Translation of cytochrome f is autoregulated through the 5′ untranslated region of petA mRNA in Chlamydomonas chloroplasts

Abstract
A process that we refer to as control by epistasy of synthesis (CES process) occurs during chloroplast protein biogenesis in Chlamydomonas reinhardtii: the synthesis of some chloroplast-encoded subunits, the CES subunits, is strongly attenuated when some other subunits from the same complex, the dominant subunits, are missing. Herein we investigate the molecular basis of the CES process for the biogenesis of the cytochrome b6f complex and show that negative autoregulation of cytochrome f translation occurs in the absence of other complex subunits. This autoregulation is mediated by an interaction, either direct or indirect, between the 5′ untranslated region of petA mRNA, which encodes cytochrome f, and the C-terminal domain of the unassembled protein.
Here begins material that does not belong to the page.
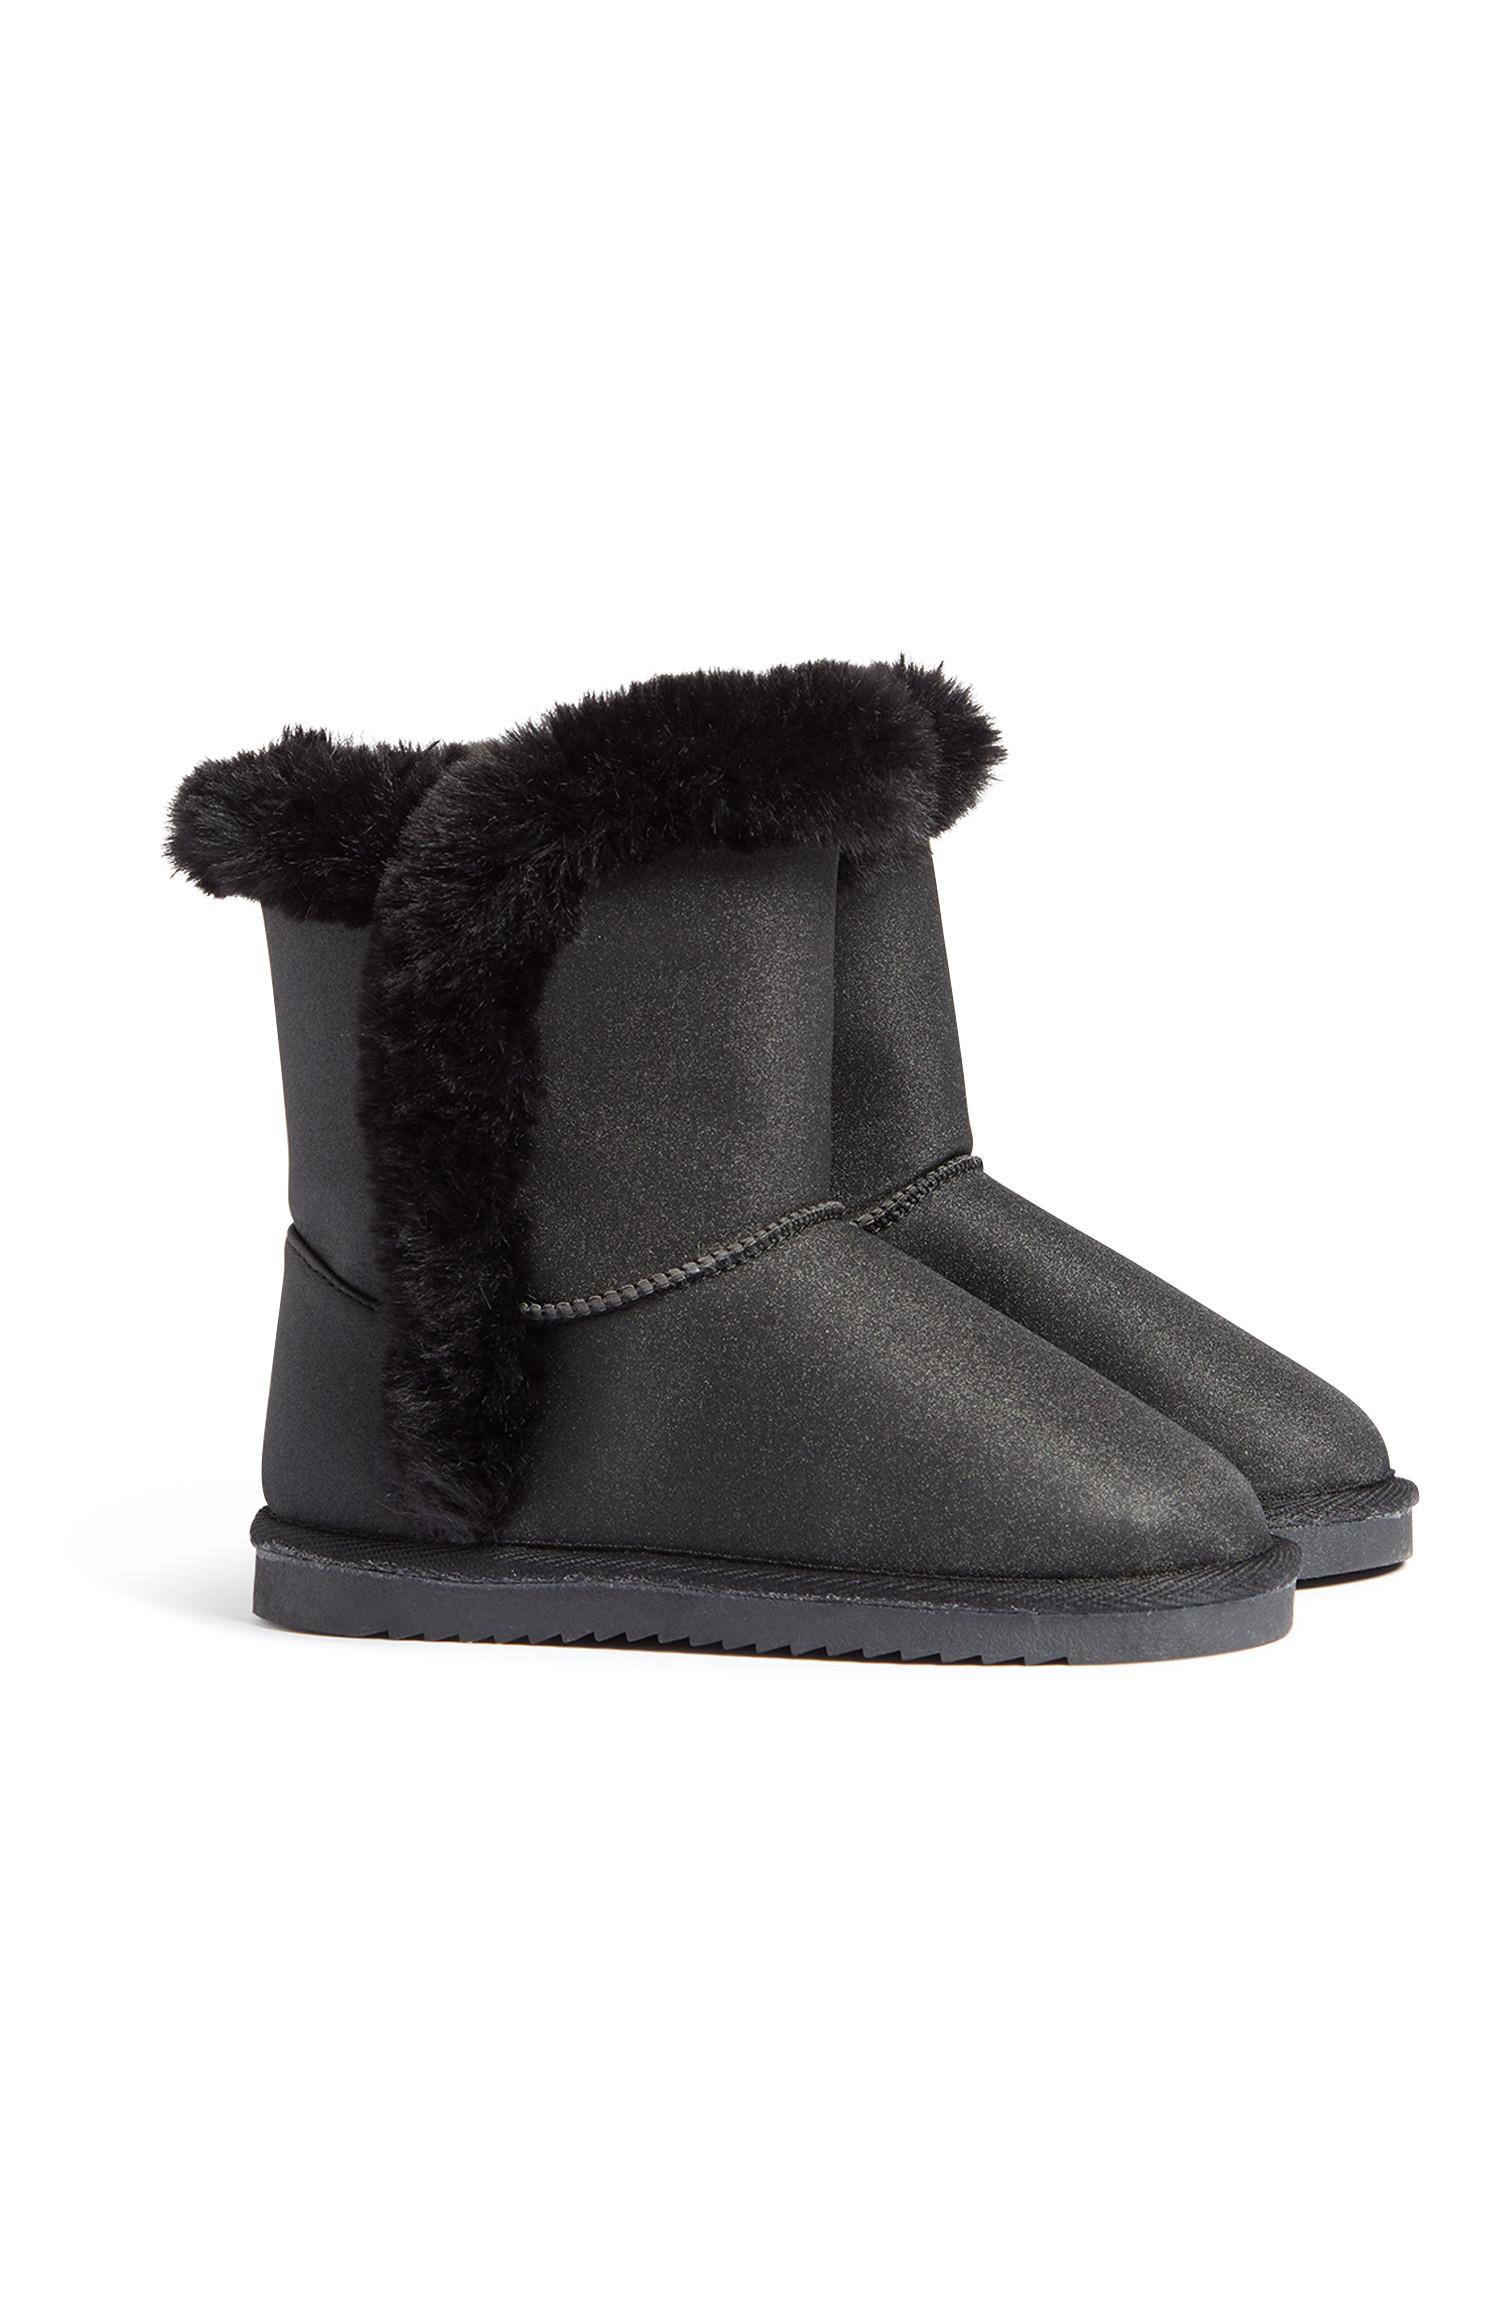 Older Girl Black Snug Boot
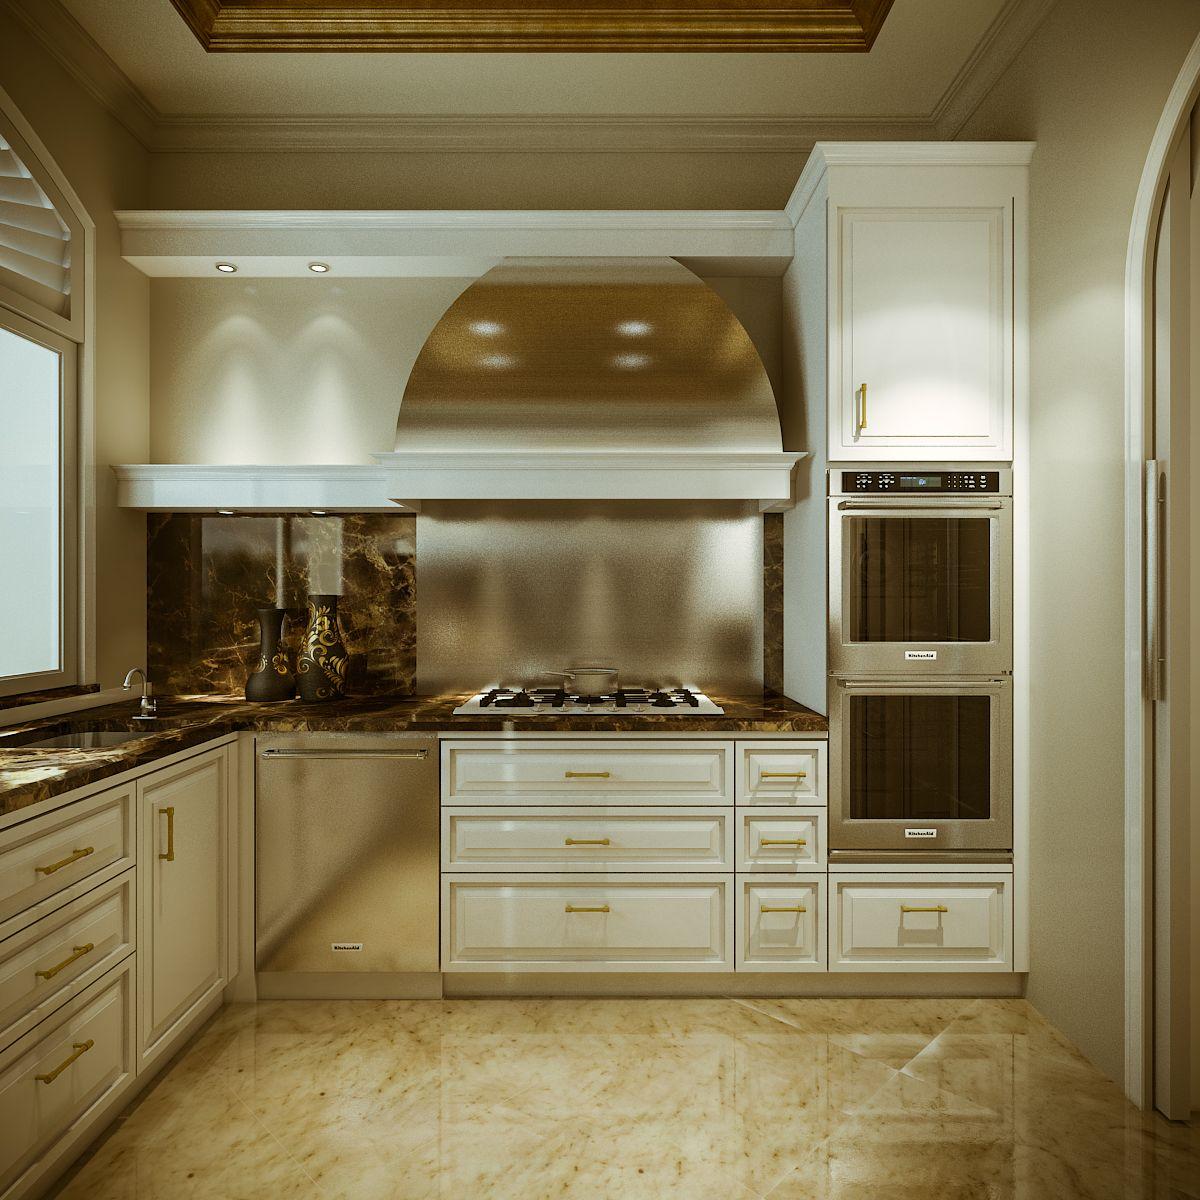 Family Home Kitchen - NY 296

This model for the regulation of cytochrome f translation explains both the decreased rate of cytochrome f synthesis in vivo in the absence of its assembly partners and its increase in synthesis when significant accumulation of the C-terminal domain of the protein is prevented. When expressed from a chimeric mRNA containing the atpA 5′ untranslated region, cytochrome f no longer showed an assembly-dependent regulation of translation. Conversely, the level of antibiotic resistance conferred by a chimeric petA-aadA-rbcL gene was shown to depend on the state of assembly of cytochrome b6f complexes and on the accumulation of the C-terminal domain of cytochrome f. We discuss the possible ubiquity of the CES process in organellar protein biogenesis.